First of all, I can confirm that the first version doesn't lead to stable results. What I can't confirm is that the second one is much better; I have seen very different results also with the second code, with values for the first mu parameter varying between 0.17 and 0.9 for different runs.
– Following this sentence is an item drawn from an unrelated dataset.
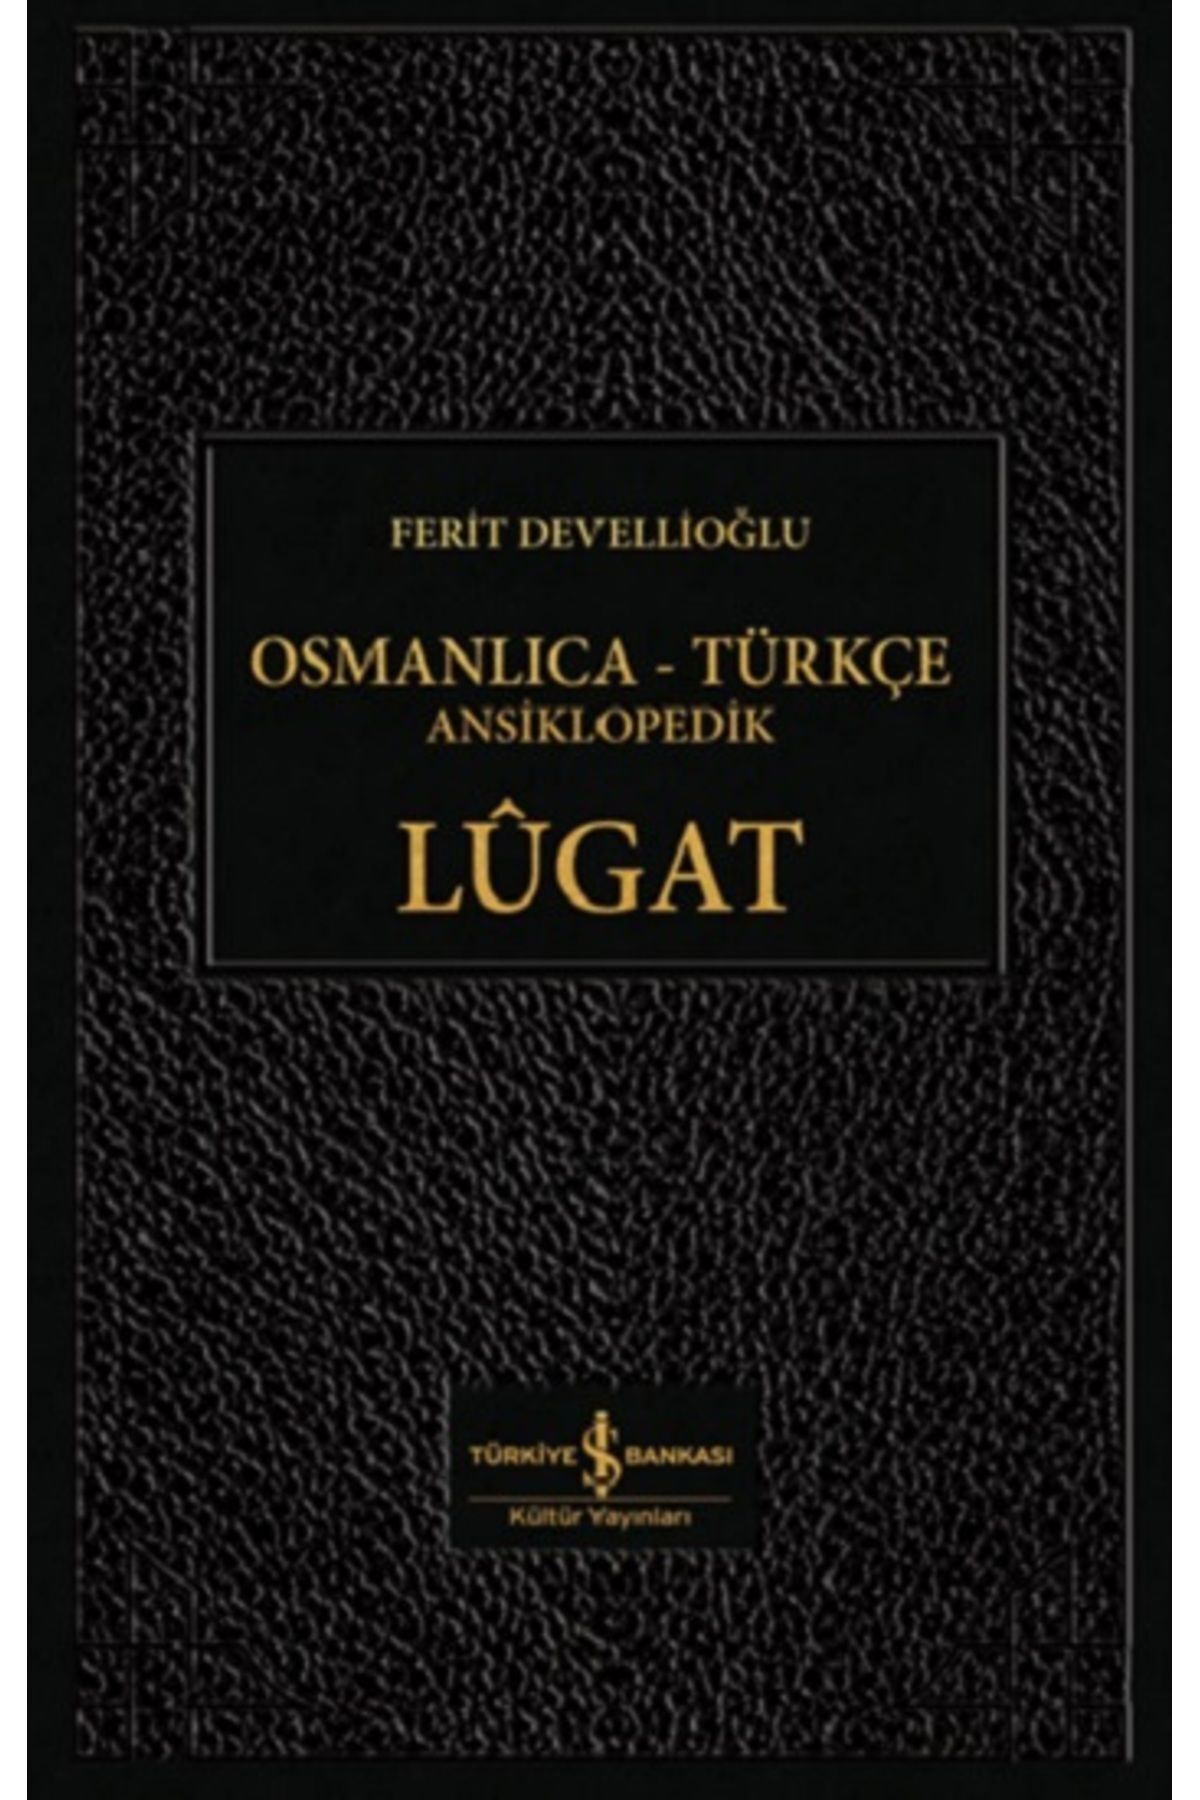 Türkiye İş Bankası Kültür Yayınları Osmanlıca - Türkçe Ansiklopedik Lügat (CİLTLİ)

The convergence problems can be cured by using good starting values for the Markov chain. This can be done by first doing a maximum a posteriori (MAP) estimate, and then starting the Markov chain from there. The MAP step is computationally inexpensive and leads to a converging Markov chain with reproducible results for both variants of your code. For reference and comparison: The values I see for the four mu parameters are around 0.94 / 0.86 / 0.72 and 0.71.
You can do the MAP estimation by inserting the following two lines of code right after the line in which you define your model with "model=pm.Model(...":
map_ = pm.MAP(model)
map_.fit()
This technique is covered in more detail in Cameron Davidson-Pilon's Bayesian Methods for Hackers, together with other helpful topics around PyMC.